I’m gonna edit your post so these numbers are more machine-readable.

here’s the data normalized (mean subtracted, scaled uniformly to have unity stddev):

>>> b = a - a.mean(axis=0); b / b.std()
array([[-1.12289, -1.99421,  0.08625],
       [-0.98208, -1.76448,  0.10448],
       [-0.85014, -1.53092,  0.51297],
       [ 0.82352, -1.44933, -0.21272],
       [ 0.90968, -1.61097, -0.70995],
       [ 1.05036, -1.93045, -0.05943],
       [-0.53221, -2.01206,  0.43148],
       [ 0.71611, -2.0414 , -0.98581],
       [ 0.63659, -1.75958, -0.15826],
       [-0.47746, -1.62084,  0.1374 ],
       [-0.26949,  0.8554 ,  0.09718],
       [ 0.06436,  0.87213,  0.0746 ],
       [ 0.46983,  0.85201,  0.05886],
       [ 0.82658,  0.77078, -0.02301],
       [ 1.18791,  0.88219, -0.44041],
       [ 1.41405,  1.06644, -0.05029],
       [ 1.69791,  1.26593, -0.06013],
       [-1.66497,  1.07856,  0.00912],
       [-1.2018 ,  1.17185,  0.10468],
       [-1.13522,  0.73297,  0.32132],
       [-0.91211,  0.8325 ,  0.2375 ],
       [-0.89459,  0.55652,  0.14738],
       [-0.38138,  1.69583,  0.20723],
       [-0.05489,  1.69041,  0.08661],
       [ 0.21576,  1.70063,  0.08271],
       [ 0.46656,  1.69008,  0.00024]])

I’m sorry, I have no idea what Venezuelan Adjustment is.

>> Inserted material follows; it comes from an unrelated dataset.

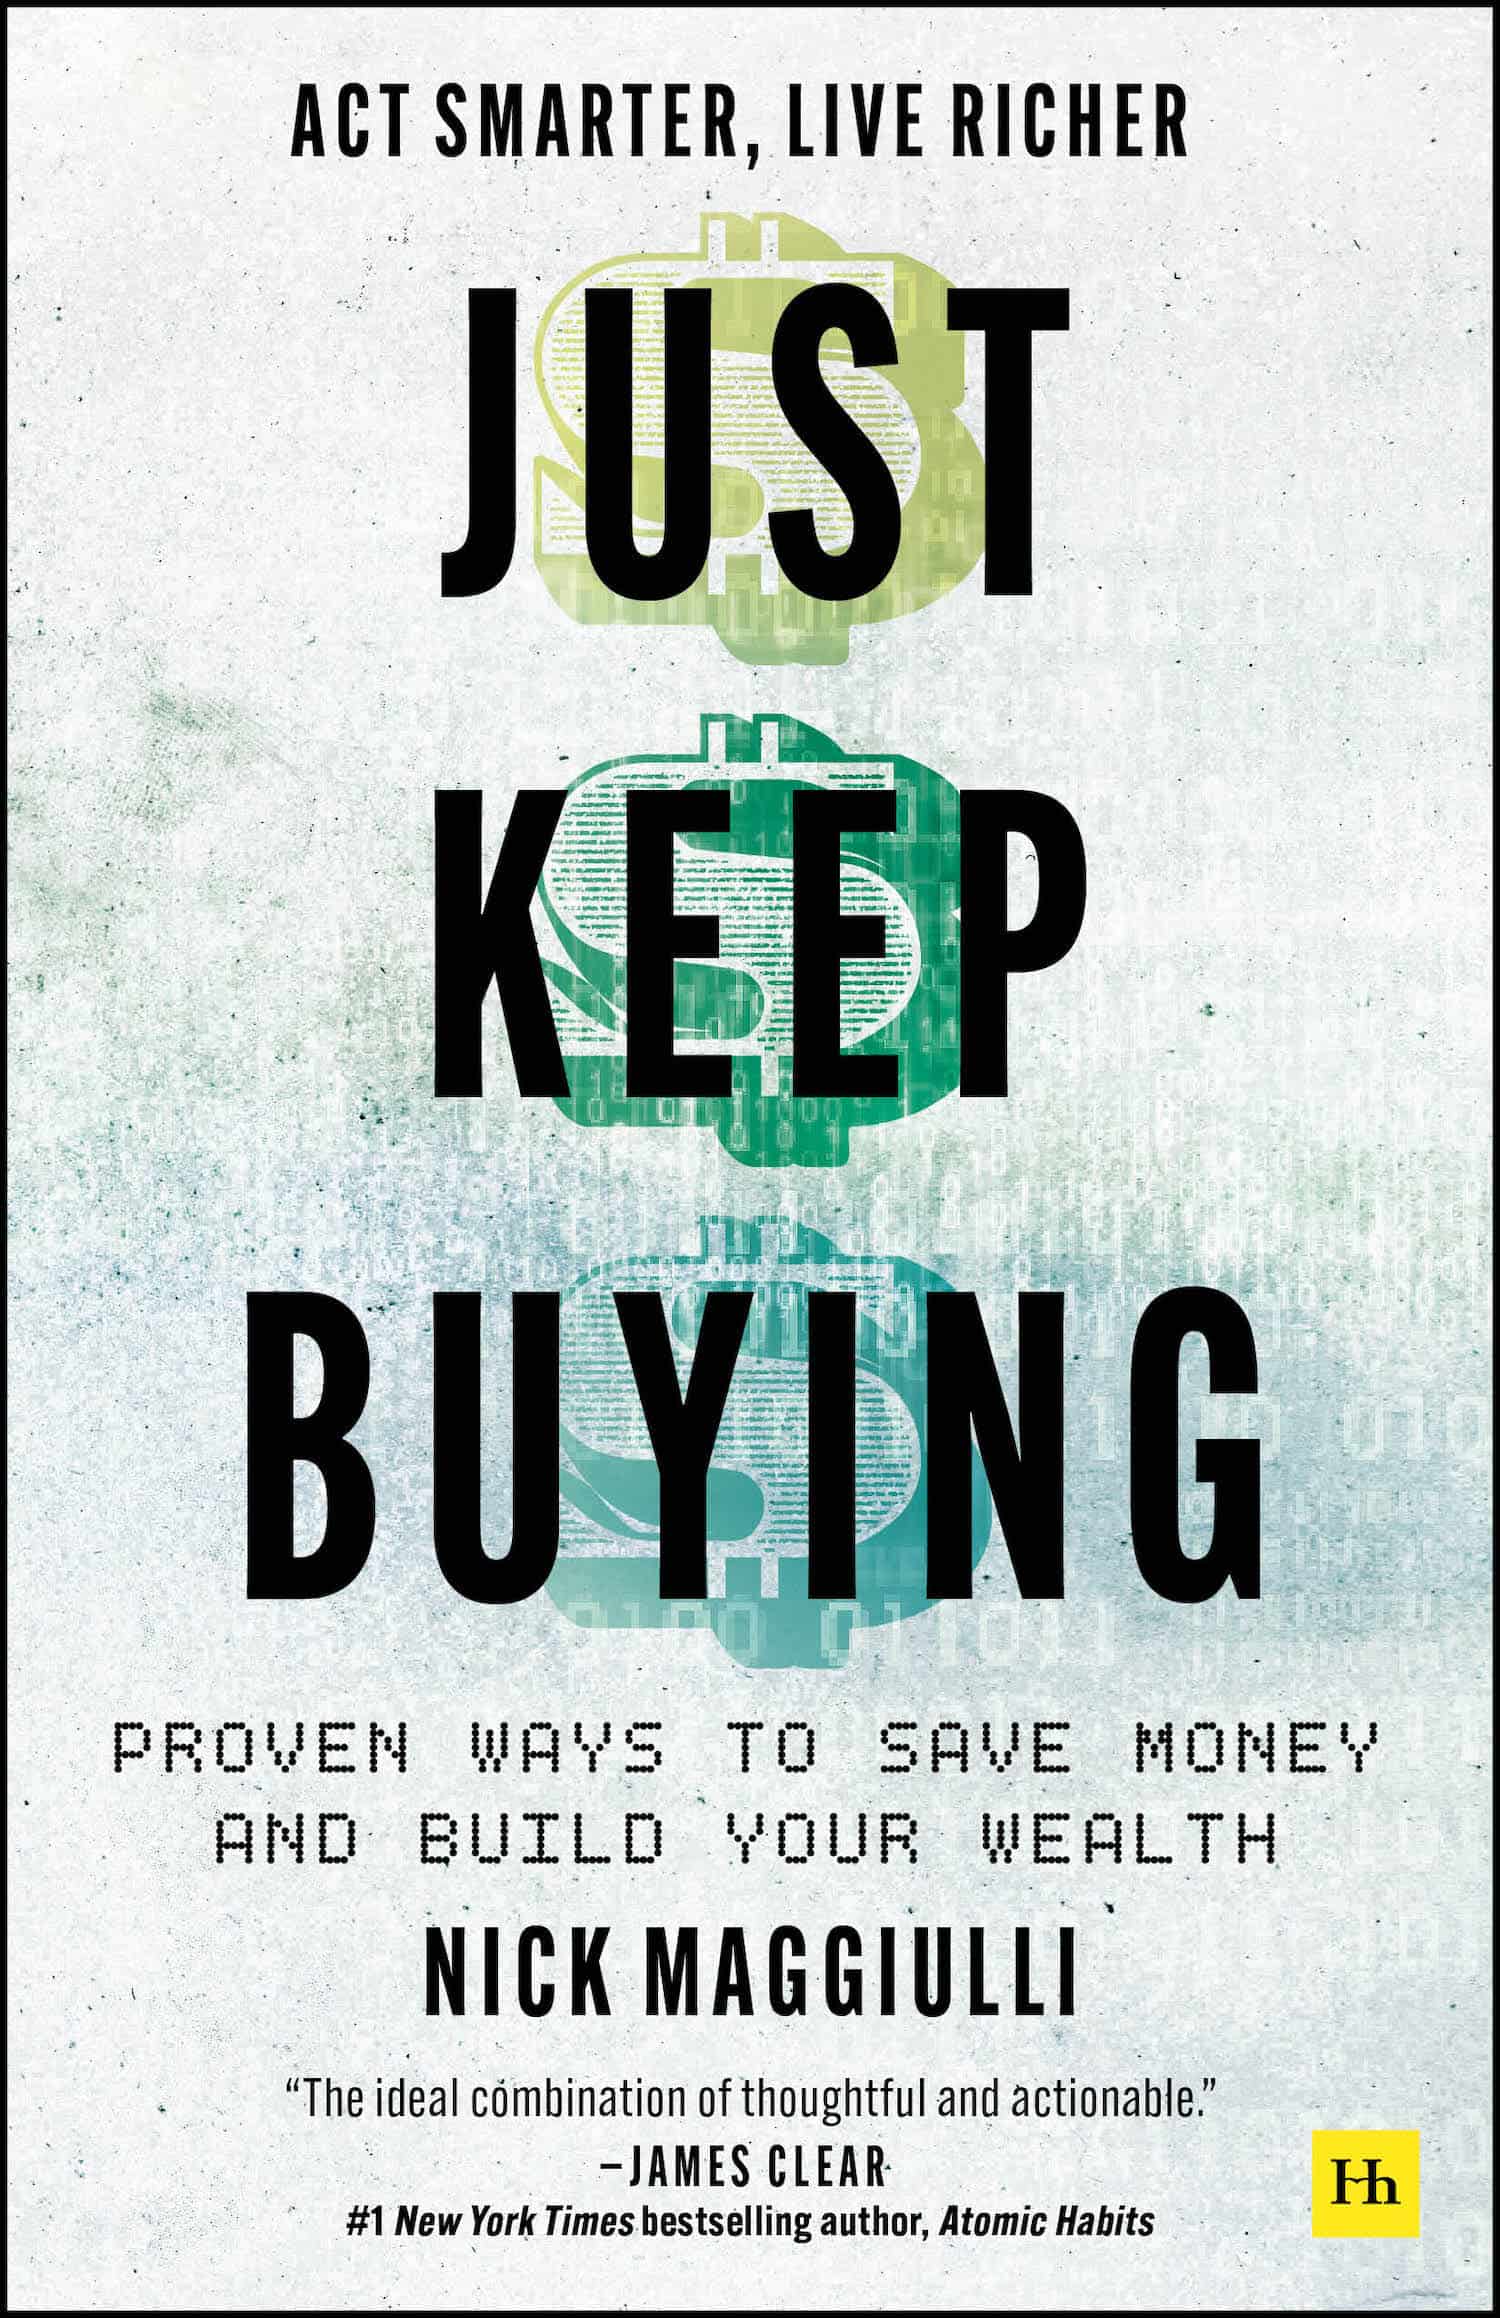 Just Keep Buying book cover by Nick Maggiulli.

in SFM, you have an ambiguity of scale. did you notice that nowhere in the entire process did you have to give a known size measurement for anything you can see in the video?

as for “moving the decimal point”…

Thank you @crackwitz. I was running under the assumption that the SFM module’s reconstruction pipeline is already handling the scale ambiguity since nowhere did I see in the referenced tutorial that compensates for this once they retrieve their 3D points. I’m gonna have to download more test footage of varying resolutions and motions to verify if this behavior of the estimated 3D points being so inflated is carried all throughout.

the tutorial code doesn’t care. it’s displaying the data. the visualization does its own translation and scaling, to bring the data into view. the user notices none of that.

SFM’s scale ambiguity is a fact of the subject matter. do not expect a mere tutorial to teach you anything except how to copy code and run it, and how to use OpenCV’s APIs. to learn this stuff even superficially, you need a university-level course or book.

crosspost: c++ - OpenCV SFM - Estimated 3D points from reconstruction are obscenely high - Stack Overflow

I have been diligently reading my copy of Multiple View Geometry in Computer Vision by R. Hartley and A. Zisserman for a while now, though half the material there was honestly going over my head. :grimacing: I was hoping that by learning to use the SFM module, it will expedite the process. Regardless, thank you for taking the time in answering my thread. Your point about addressing the scale ambiguity has been really helpful.